February 5, 2012

A PPC Paradox

paradoxYesterday I was reminded of a paradox in PPC management. As you expand your PPC efforts beyond a single campaign with a single ad group you too have encountered the paradox, though in varying degrees. This paradox is caused by the collision of two commonly accepted best practices: testing and tightly-themed ad groups.

Testing v. Granularization

Anyone worth their salt in PPC knows that you should always be testing. You test two to three versions of ad copy to get a better CTR. You test two different landing pages to improve conversion rate. You also know that these tests require a certain amount of clicks or conversions before they achieve validity.

Another best practice (and Google pushes this a lot) is to create small, tightly themed ad groups. By having only a handful of keywords in your ad group you can write extremely targeted ad copy and send traffic to a more targeted landing page. This practice improves the chain of relevancy (and your QS) while optimizing the user experience. The paradox, however, lies at the convergence of these concepts in practice.

The Paradox

The genesis for this post was a Powerpoint sent to me by one of our Google reps. The recommendations were solidly based on best practices like the two mentioned above, but the part that got me was when the slide said that by making more ad groups that were small and tightly themed I would have “easier campaign management.” On the surface that seems accurate; the ad groups have fewer keywords and the copy would be more specific, but what about tests?

To reach validity tests need to achieve a certain number of actions or responses. This particular client already has their campaign divided into nearly 100 campaigns with hundreds of ad groups.
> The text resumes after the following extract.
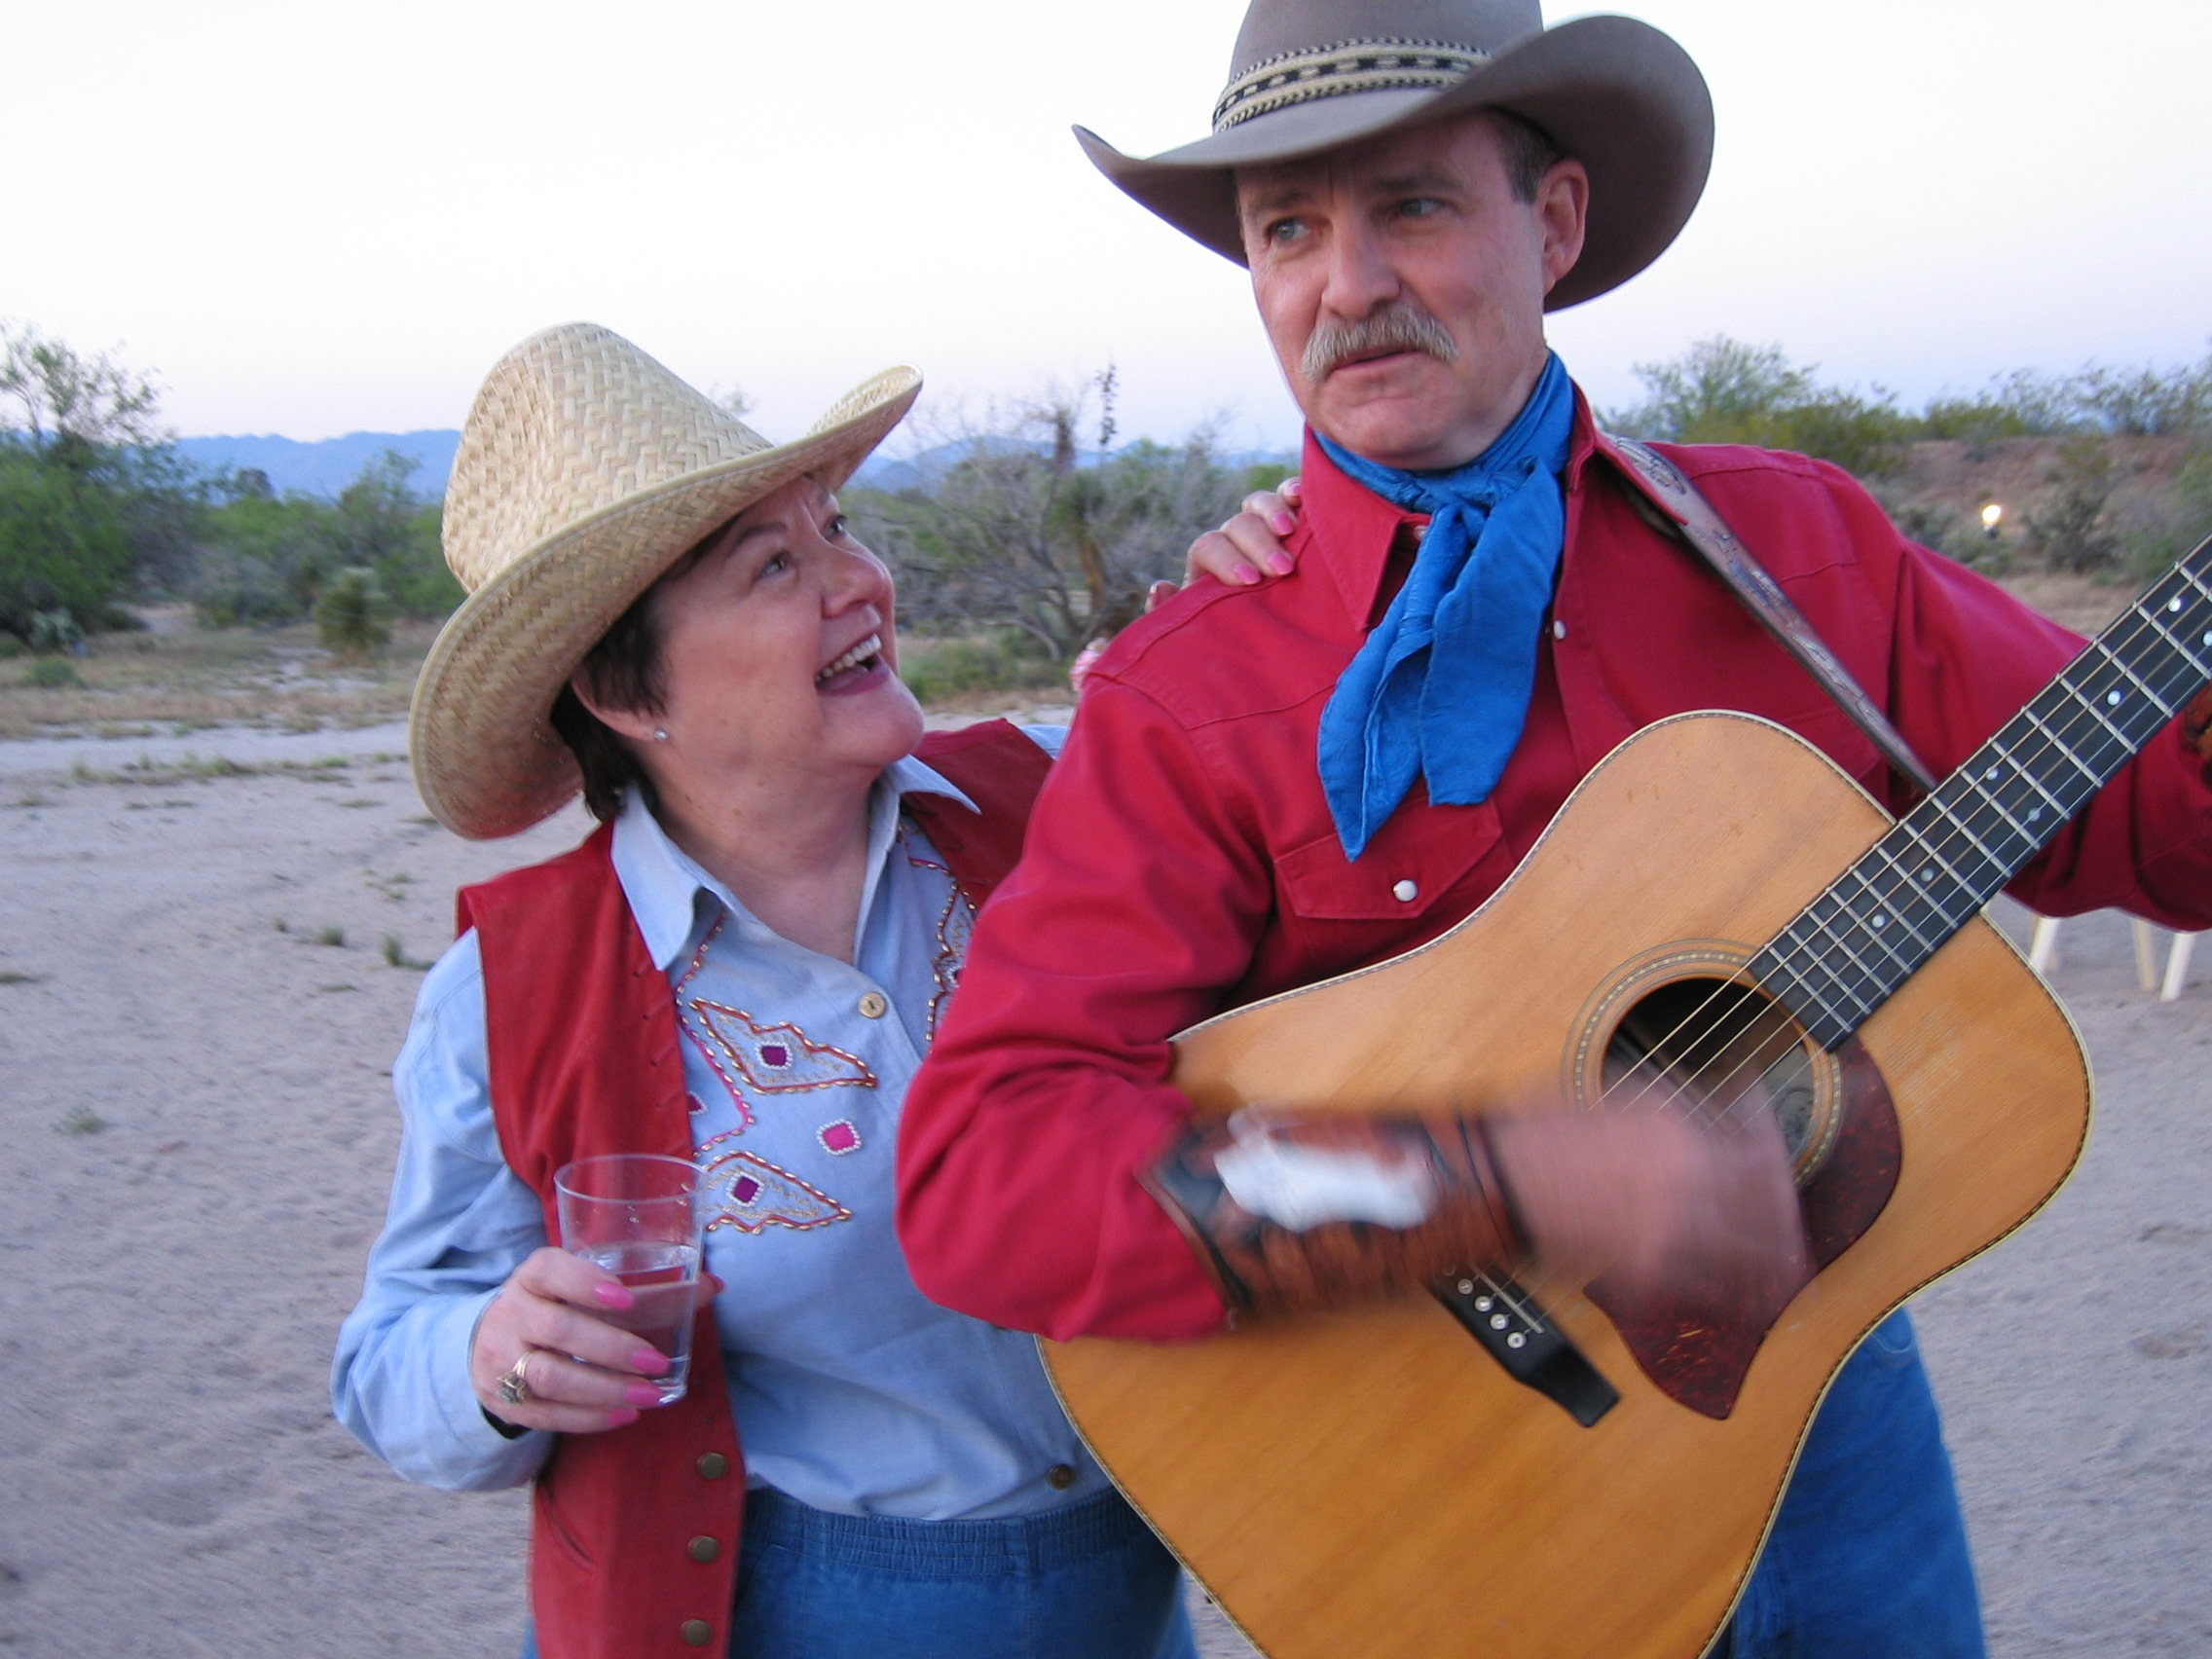 Reggie nabs the singing cowboy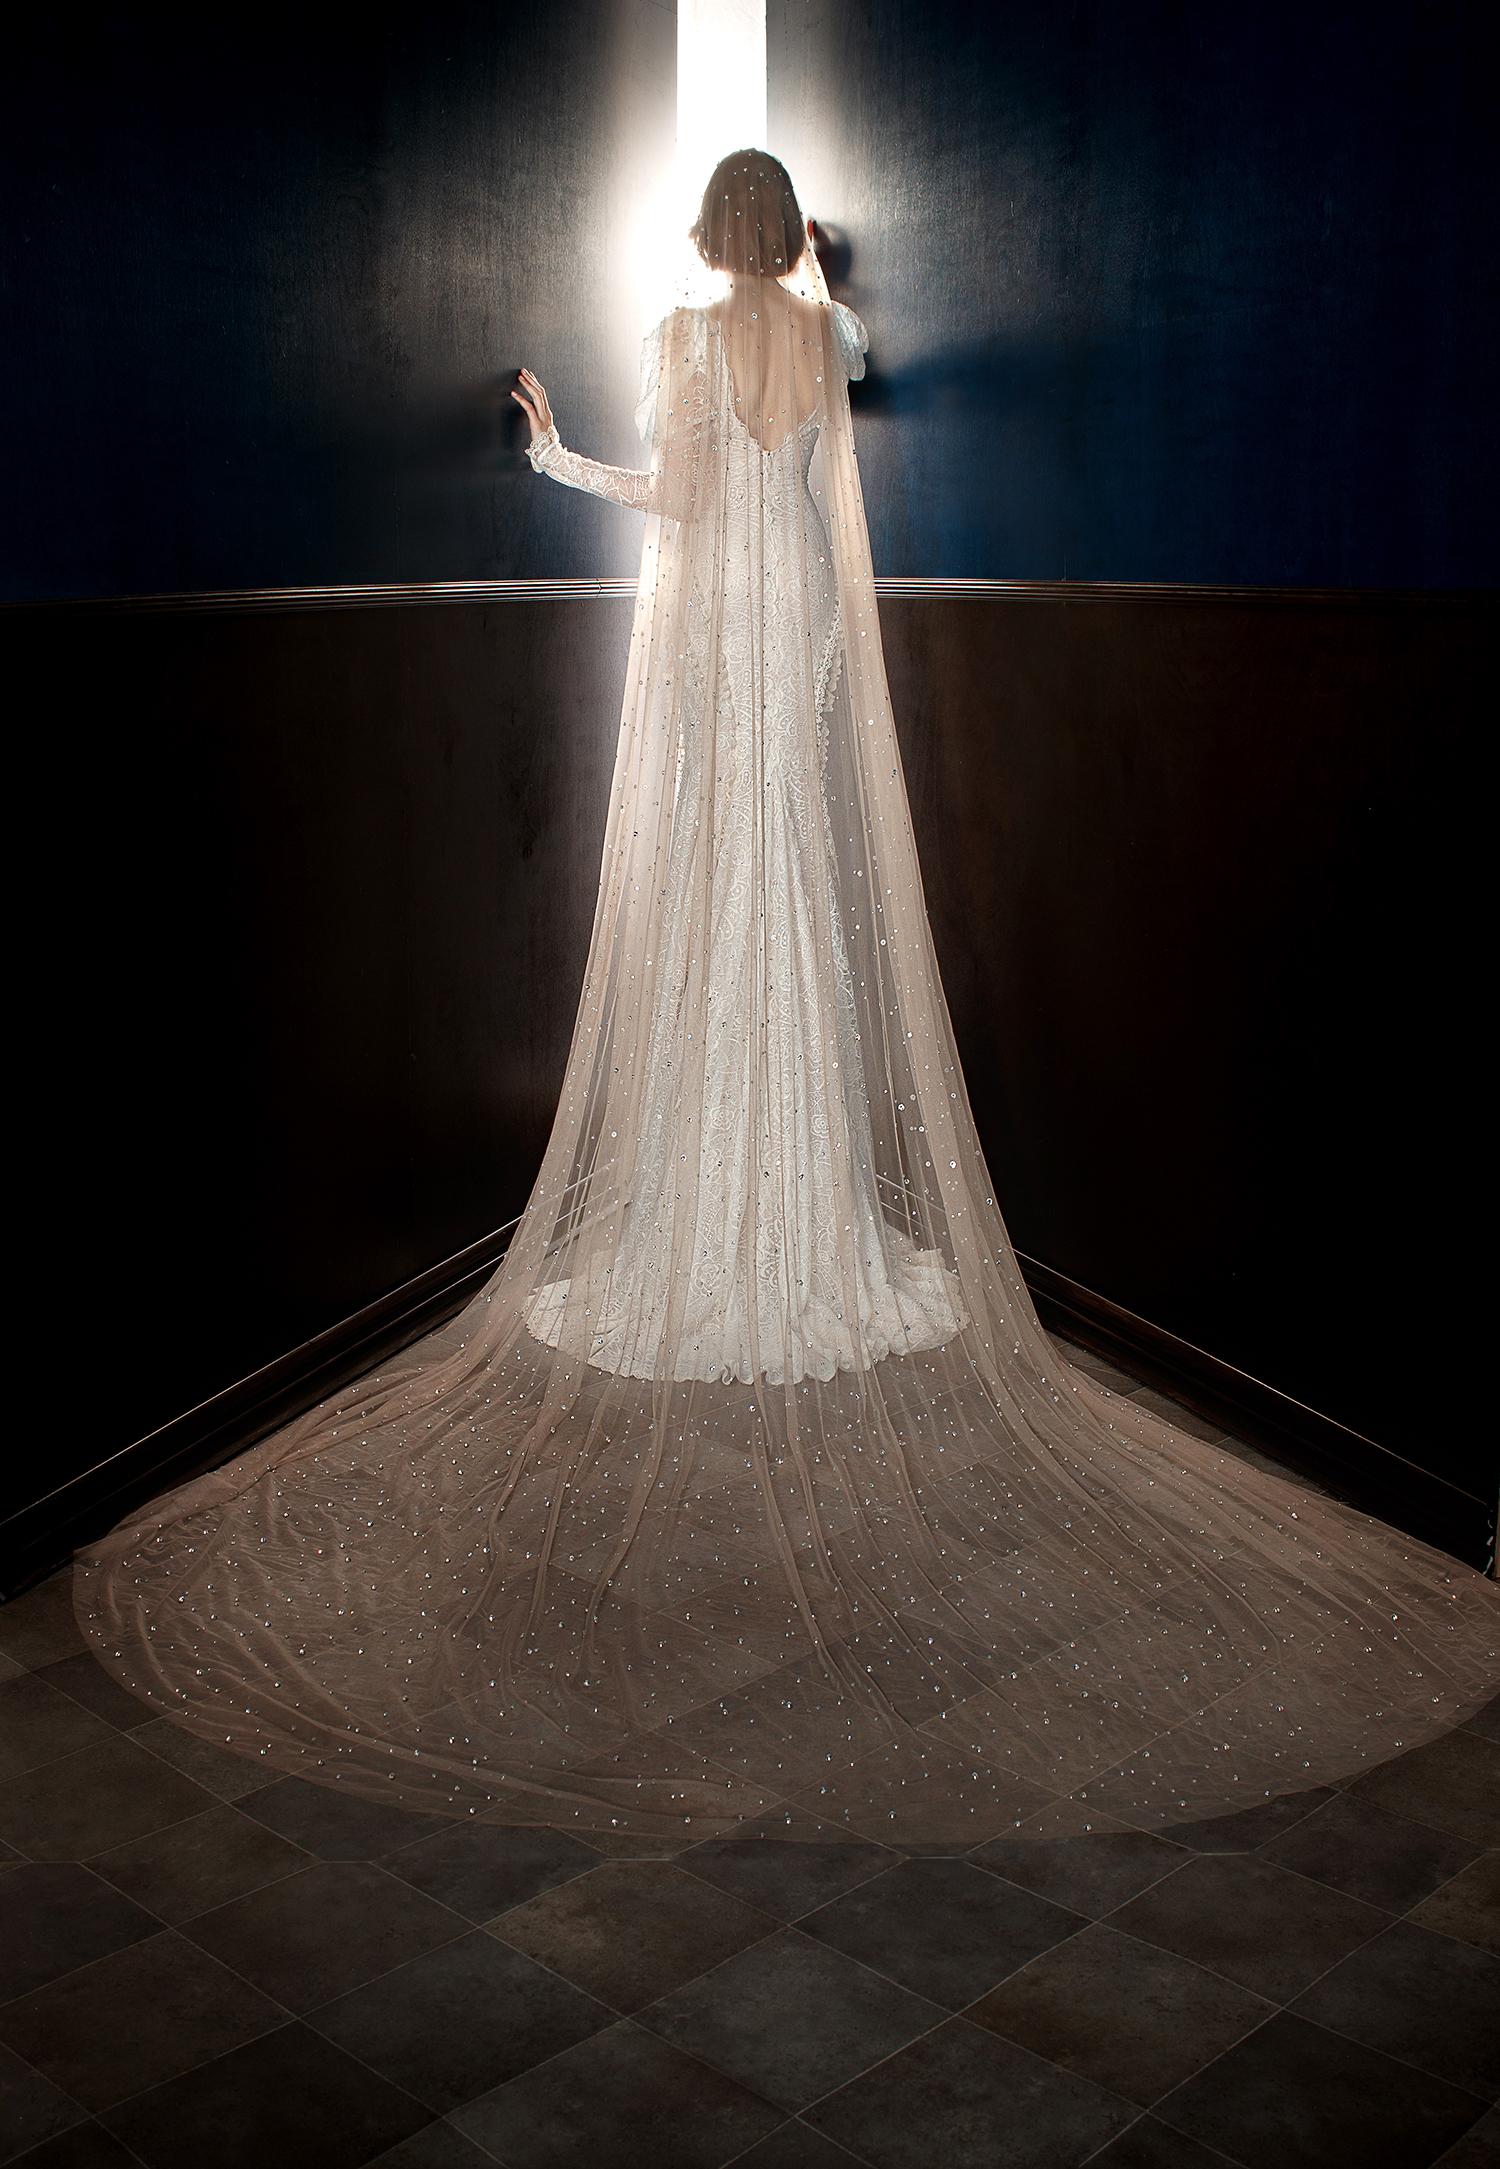 galia lahav wedding dress spring 2018 long sleeves veil shimmer

They spend a lot of money, but even with the existing account structure tests can take weeks or months to achieve validity. And now Google wants me to INCREASE the number of ad groups, further spreading out my traffic into more tests? This could potentially slow our test iterations to a virtual standstill.

Perhaps I’m tripping out about nothing, but I’m curious what all of you think. How do you balance testing and granularization?

PS I would especially appreciate someone from AdWords to chime in here, so consider this a challenge Google.

About Robert

Conversion rate optimization and PPC wizard. If I'm not out playing ultimate frisbee or golf you may find me hiking, skiing or mountain biking.

Comments

  1. Mark Kennedy says:

    It’s a tough call, because granularization is definitely needed to increase QS and performance. However it does take more time to collect “test” data. With small budget campaigns its especially tough.

    I think being granular is slightly more important, so I make that my first priority. Then I test as best I can within the smaller groups. I’ll A/B test ads or LP’s common among the smaller adgroups to see if there is any significance as a whole or within the sub groups.

  2. While I agree there are positives and negatives to a highly granular account structure, as I point out in my post on having 1 keyword per ad group…

    …I don’t think granularity has to always be at the expense of testing validity. If some of your headlines, ad descriptions and display URLs are the same across multiple ad groups, why not download an ad text report and pool data across ad groups. Yes, it might not be as insightful as looking at each ad group’s keywords and ads in isolation, but surely it’s no worse than having multiple different keywords in the same ad group?

  3. Robert says:

    @Alan – Aggregating data is a great way to go. Do you use pivot tables in Excel to do combine the data?

  4. Definitely – pivot tables make things so much easier!